Independent Segment Decoding:
 The aim of this scheme is not to overcome errors that occur within a GOB but rather to prevent these errors form
affecting neighboring GOBs in succeeding frames.
 To achieve this, each GOB is treated as a separate sub-video which is independent of the other GOBs in the
frame.
 There the motion estimation and compensation in limited to the boundary pixels GOB rather than a frame.
 Operation is shown in a & b of below figure.
 In (a) part, although when an error in a GOB occurs the same GOB in each successive frame is affected – until a
new intra-coded GOB is sent by the encoder – neighboring GOB s are not affected.
 Clearly, however, a limitation of this scheme is that the efficiency of the motion estimation the search area being
limited to a single GOB.
 The scheme is not normally used on its own but in conjunction with either the error tracking scheme.
 Independent segment decoding: (a) effect of a GOB being corrupted.
Independent segment decoding: (b) when used with error tracking.

Reference Picture Selection

 This is similar to the error tracking to stop errors propagating by the decoder returning acknowledgement
messages when an error in a GOB is detected
 The scheme can be operated in 2 different modes
1)NAK MODE and 2) ACK MODE
 NAK MODE: only GOBs in error signaled by the decoder returning a NAK message.
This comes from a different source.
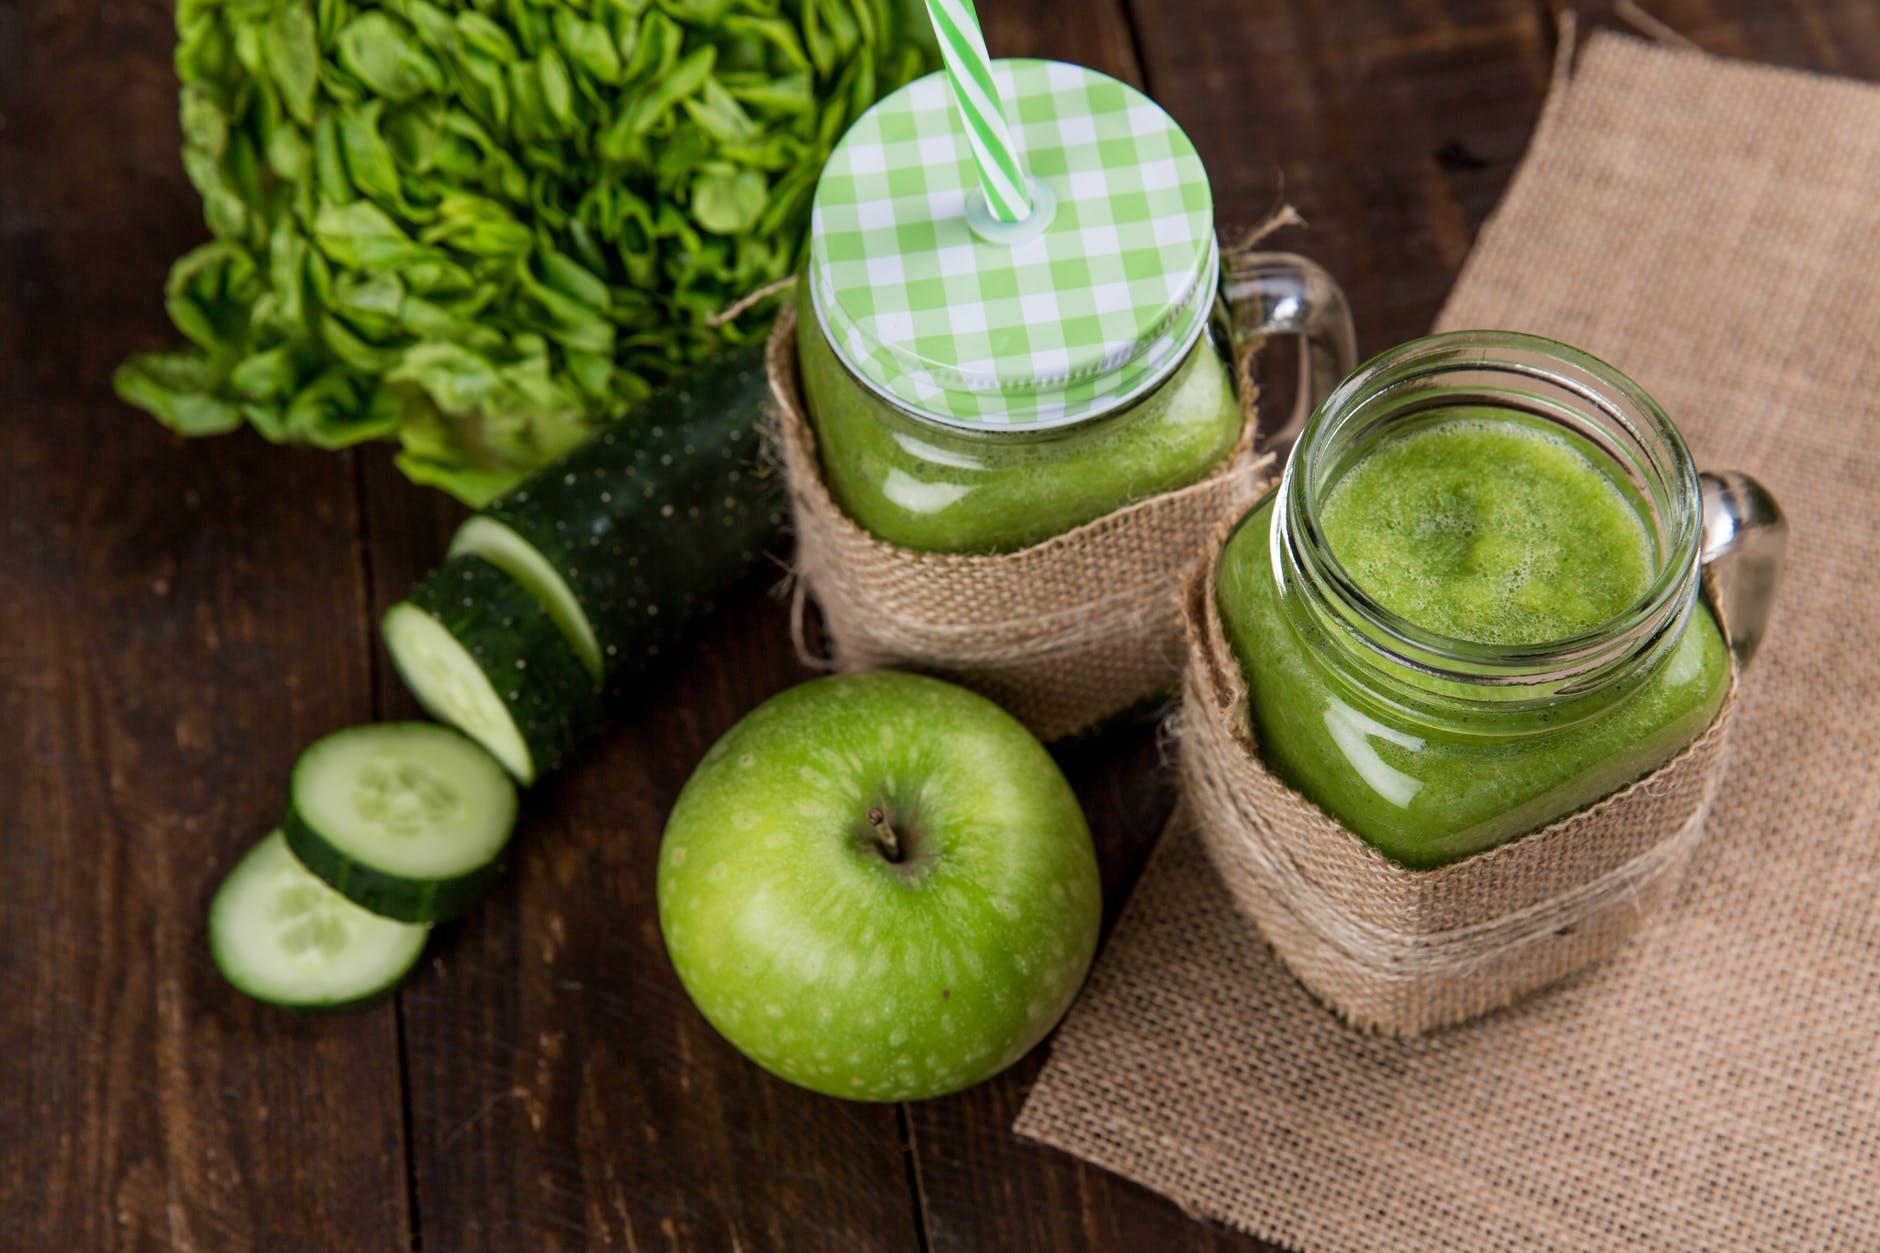 Cucumber lemon ginger juice benefits

Normally intracoded
messages are encoded using an intra-coded (I) as the initial reference frame.
 However during encoding of Intracoded frames a copy of the decoded preceding frame is retained by the
encoder.
 Therefore , the encoder can select any of these when the NAK relating to frame 2 is received, the encoder selects
GOB 3 of frame 1 as the reference to encode god 3 of the next frame – frame.
 This scheme the GOB in error will propagate for a numbers of frames, the number being determined by the
round – trip delay being sent by the decoder and interceded frame derived from the initial I-frame being received
 Reference picture selection with independent segment decoding: (a) NAK mode
 ACK Mode: all frames received without errors are acknowledged by the decoder returning an ACK message.
 One frame that have acknowledged are used as reference frames.
 Hence the lack of an ACK for frame 3 means that frame 2 must be used to encode frame 6 in addition to frame 5.
 At this point the ACK for frame 4 is received and hence the encoder then uses this to encode frame 7
 The effect of using a reference frame which is distant from the frame being encoded is to reduce the encoding
efficiency for the frame.
 The ACK mode performs best when the round-trip delay of the communication channel is short and less than the
time the encoder takes to encode each frame.
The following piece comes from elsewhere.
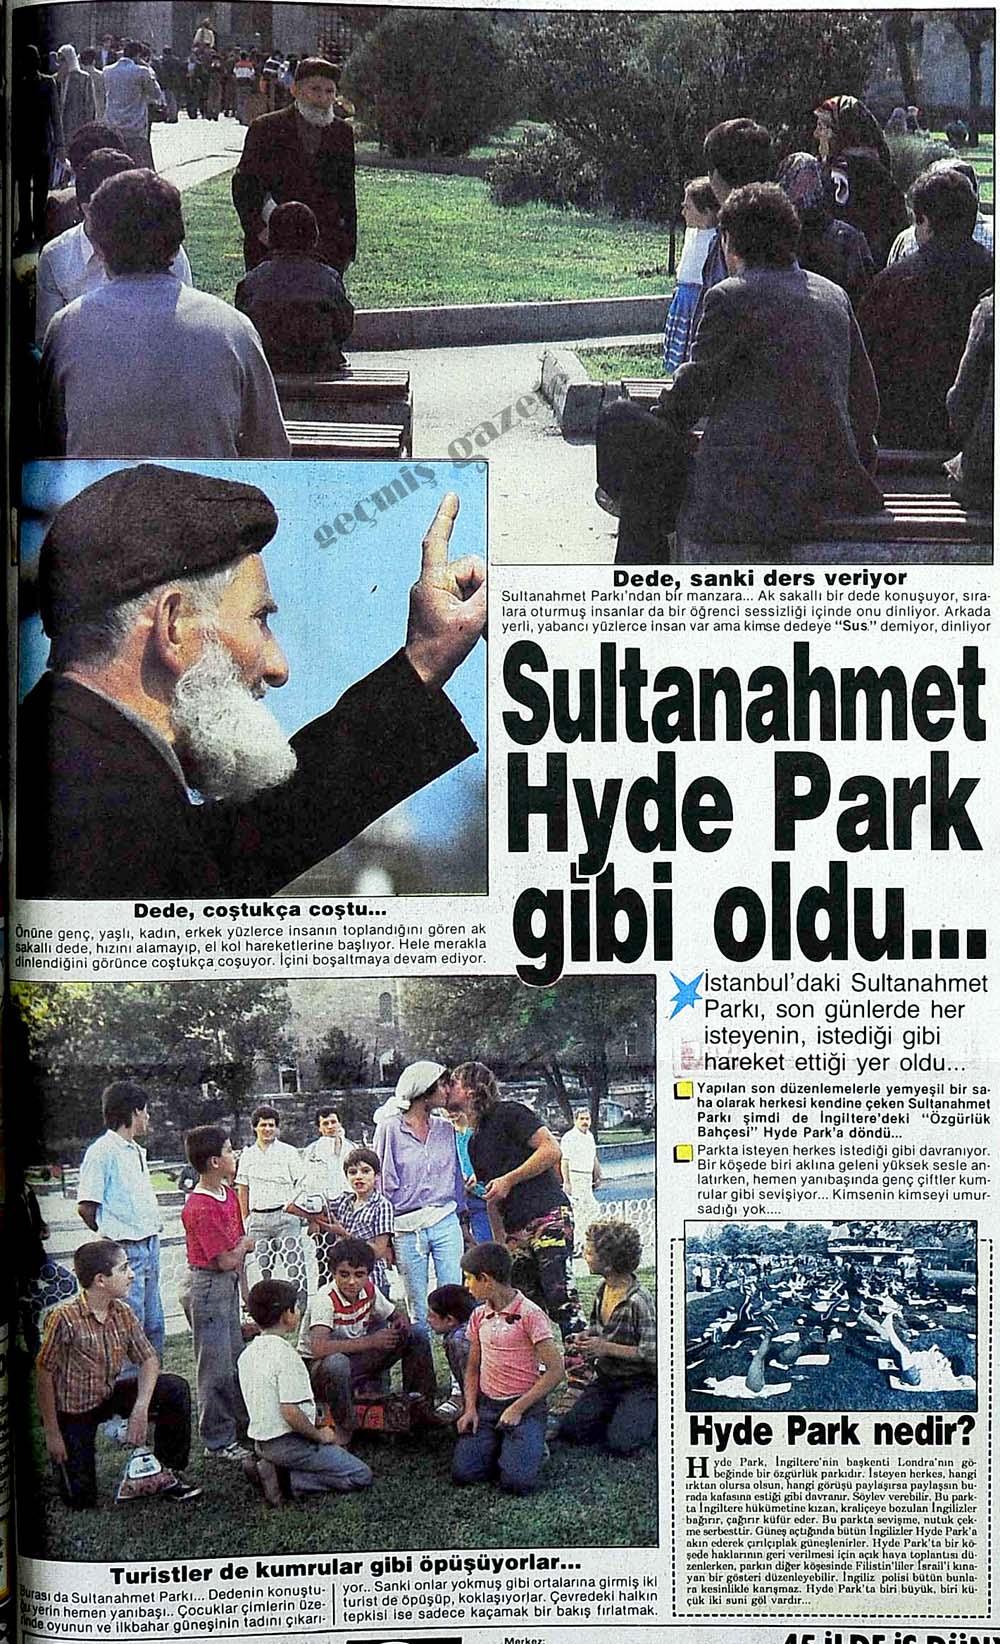 Sultanahmet Hyde Park gibi oldu...

 Reference picture selection with independent segment decoding: (b) ACK mode.
MPEG: Motion Pictures Expert Group

 Formed by the ISO to formulate a set of standards relating to a range of multimedia applications that involve the
use of video with sound.
 The outcome is a set of 3 standards which relate to either the recording or the transmission of integrated audio
and video streams.
 Each targeted at particular application domain and describes how the audio and video are compressed and
integrated together.
 The 3 standards which use different video resolutions are MPEG-1, MPEG – 2 MPEG – 4.
MPEG-1
 This is defined in a series of documents which are all subset of ISO Recommendation 11172.
 The video resolution is based on the source intermediate digitization format(SIF) with resolution of up to 352 X
288 pixels.
 The standard is intended for the storage of VHS – quality audio and video on CD-ROM at bit rates upto
1.5Mbps.
 Normally higher bit rates of multiples of this are more common in order to provide faster access to the stored
material
 MPEG – 1 & MPEG- 2 video standard uses similar video compression technique as H.261.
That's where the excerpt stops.